Distributed ID Generation: Snowflake and Friends

Single database, auto-increment primary key. ID 1, 2, 3, 4. Simple. Unique. Ordered.

Now shard across 4 databases. Each one auto-increments independently. Shard A generates 1, 2, 3. Shard B generates 1, 2, 3. You now have duplicate IDs across the system.

The Options#

UUID (v4): 128-bit random value. Collision probability is astronomically low. No coordination needed.

String id = UUID.randomUUID().toString();
// "f47ac10b-58cc-4372-a567-0e02b2c3d479"

Problem: 36 characters, not sortable by time, poor index performance in MySQL (random values fragment B-tree indexes).

Database sequences with offsets: Shard A starts at 1, increments by 4. Shard B starts at 2, increments by 4. No collisions. But adding a 5th shard requires changing all the increment values. Fragile.

Snowflake IDs: The sweet spot.

Snowflake#

Twitter created this. A 64-bit integer that encodes three things:

| 41 bits: timestamp (ms since epoch) | 10 bits: machine ID | 12 bits: sequence |

Timestamp: Sortable by time. Newer IDs are always larger.
Machine ID: Each generator gets a unique ID (0-1023). No coordination between machines.
Sequence: 4096 IDs per millisecond per machine. Overflow? Wait for the next millisecond.
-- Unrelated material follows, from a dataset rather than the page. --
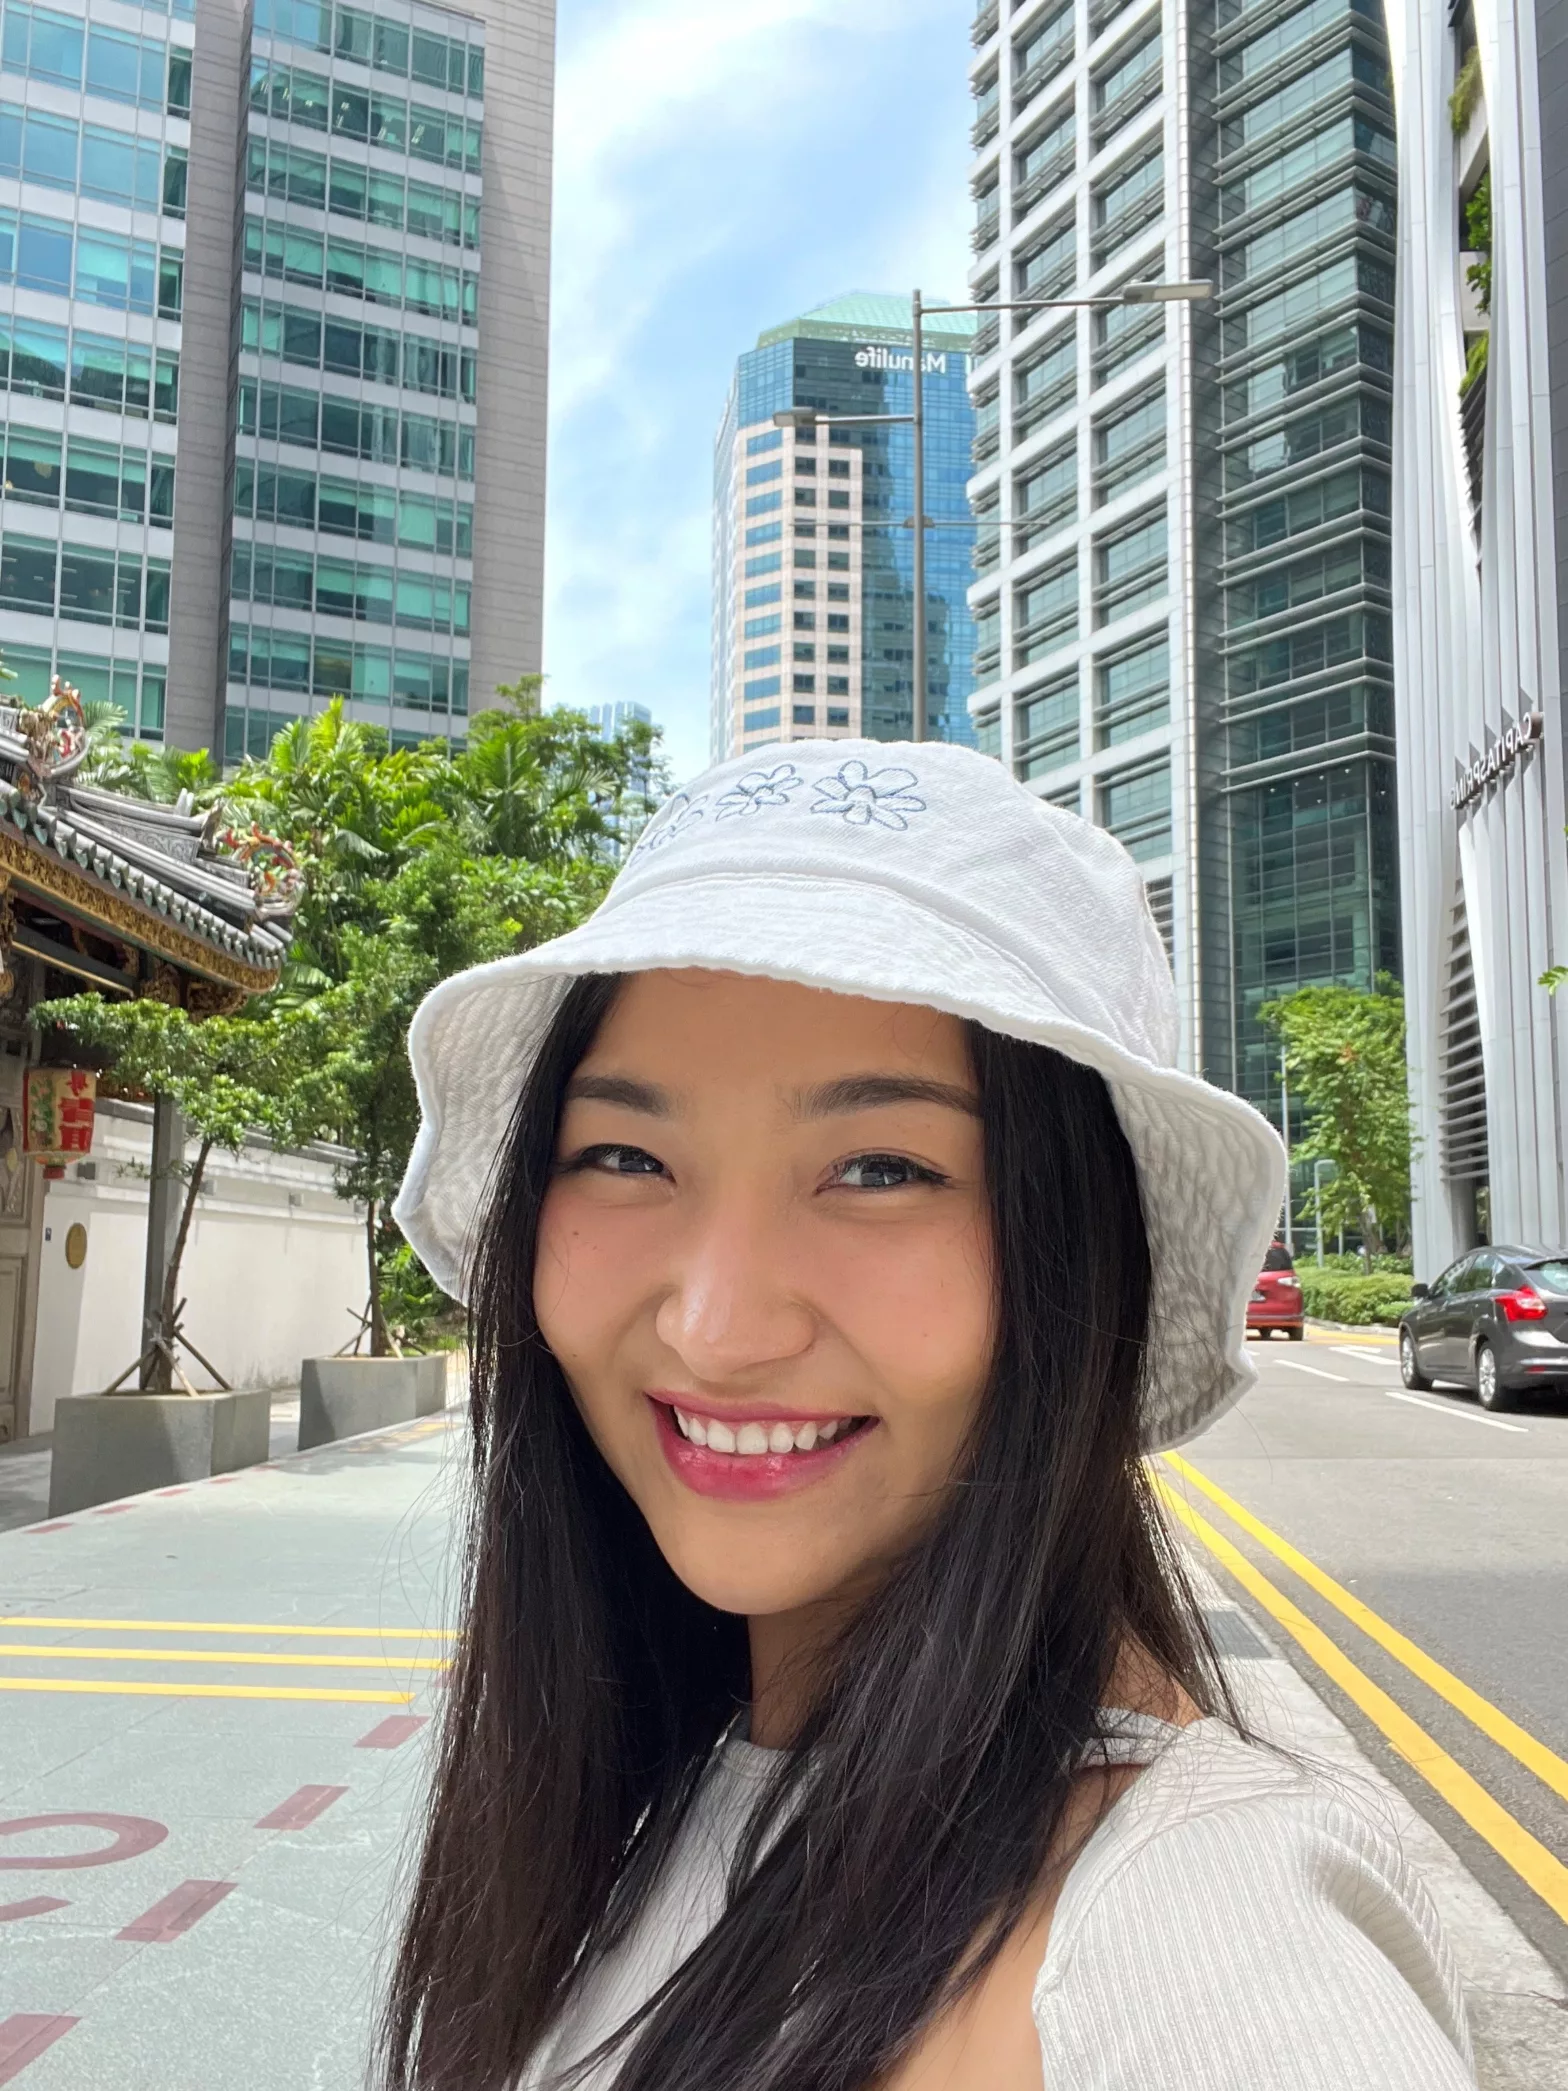 A young woman with black hair and a white hat stands in the middle of a city block with tall buildings in the background
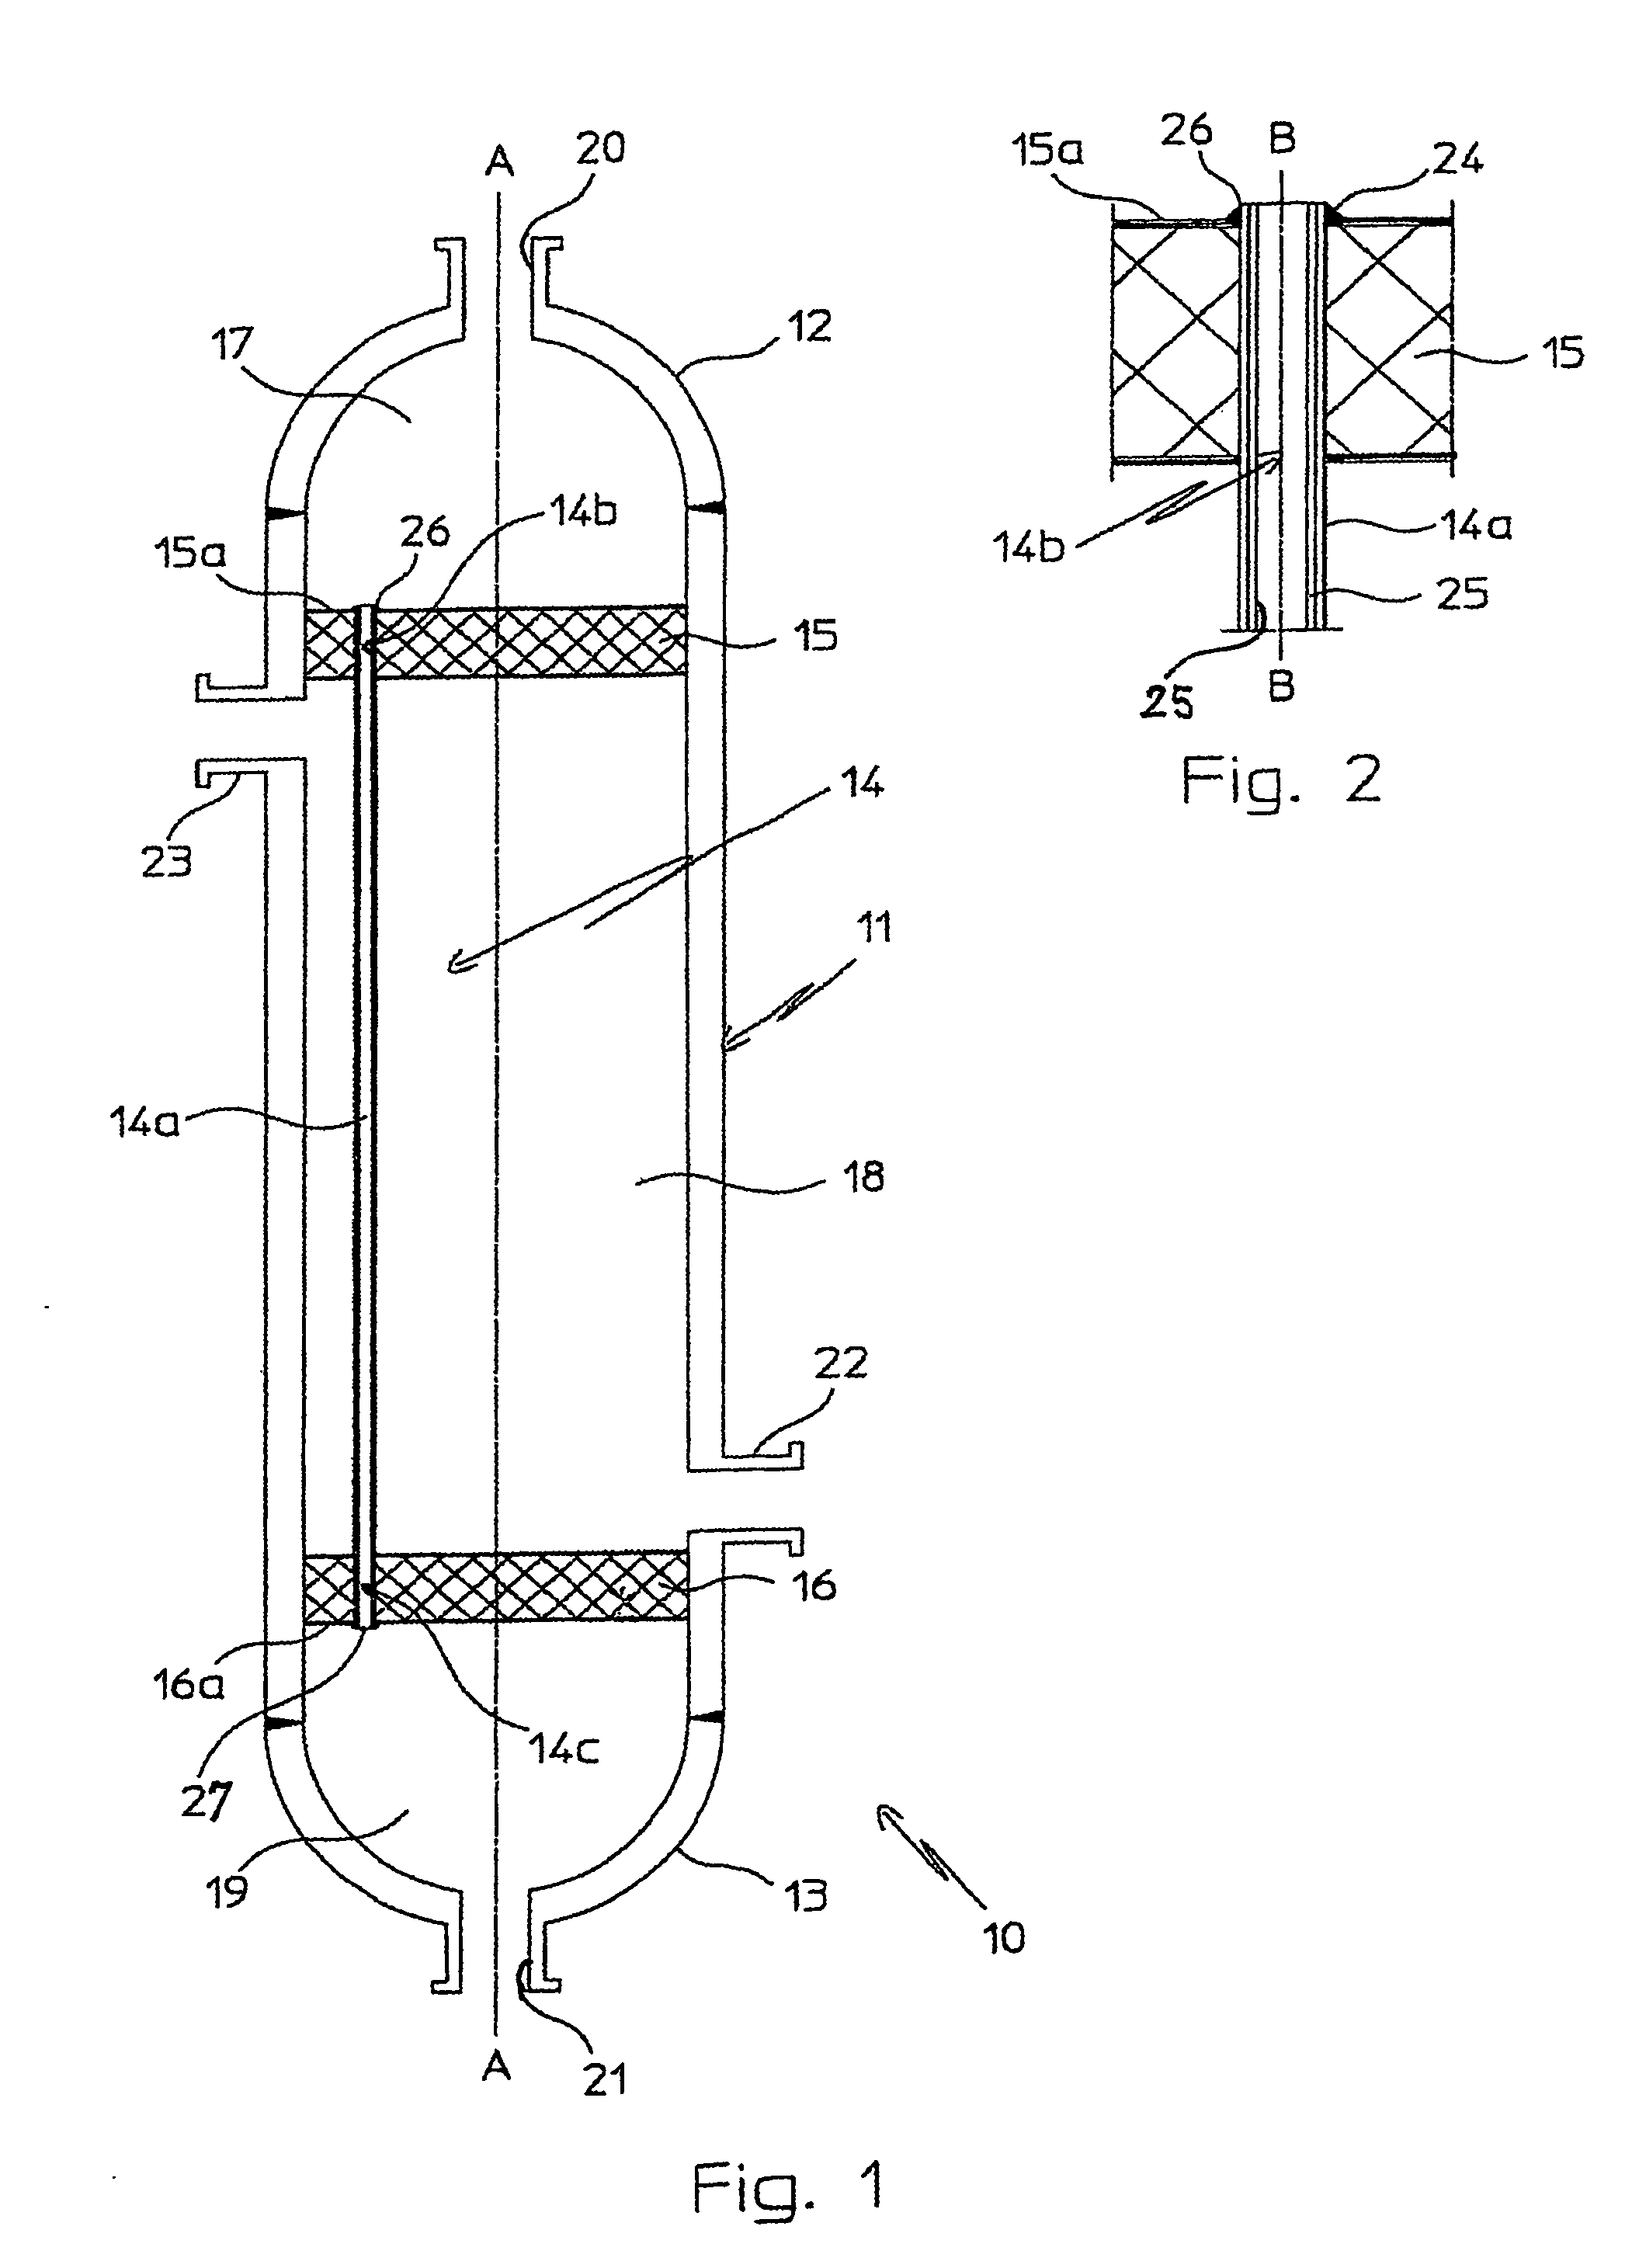 Apparatus for Processing Highly Corrosive Agents

public class SnowflakeGenerator {
    private final long machineId;
    private long lastTimestamp = -1;
    private long sequence = 0;

    public synchronized long nextId() {
        long timestamp = System.currentTimeMillis();

        if (timestamp == lastTimestamp) {
            sequence = (sequence + 1) & 0xFFF; // 12-bit mask
            if (sequence == 0) {
                while (timestamp <= lastTimestamp) {
                    timestamp = System.currentTimeMillis();
                }
            }
        } else {
            sequence = 0;
        }

        lastTimestamp = timestamp;
        return (timestamp << 22) | (machineId << 12) | sequence;
    }
}

graph TD S[Snowflake ID: 64 bits] --> T[41 bits: Timestamp] S --> M[10 bits: Machine ID] S --> Q[12 bits: Sequence] T --> TS[Sortable by time] M --> NC[No coordination needed] Q --> TH[4096 IDs/ms/machine] style S fill:#000000,stroke:#00ff00,stroke-width:2px,color:#fff style T fill:#000000,stroke:#00ff00,stroke-width:2px,color:#fff style M fill:#000000,stroke:#00ff00,stroke-width:2px,color:#fff style Q fill:#000000,stroke:#00ff00,stroke-width:2px,color:#fff style TS fill:#000000,stroke:#00ff00,stroke-width:2px,color:#fff style NC fill:#000000,stroke:#00ff00,stroke-width:2px,color:#fff style TH fill:#000000,stroke:#00ff00,stroke-width:2px,color:#fff

The Clock Problem#

Snowflake depends on the system clock. If the clock jumps backward (NTP correction, VM migration), you might generate duplicate IDs. Twitter’s implementation throws an exception on clock regression. Others use a monotonic clock or tolerate a small backward drift.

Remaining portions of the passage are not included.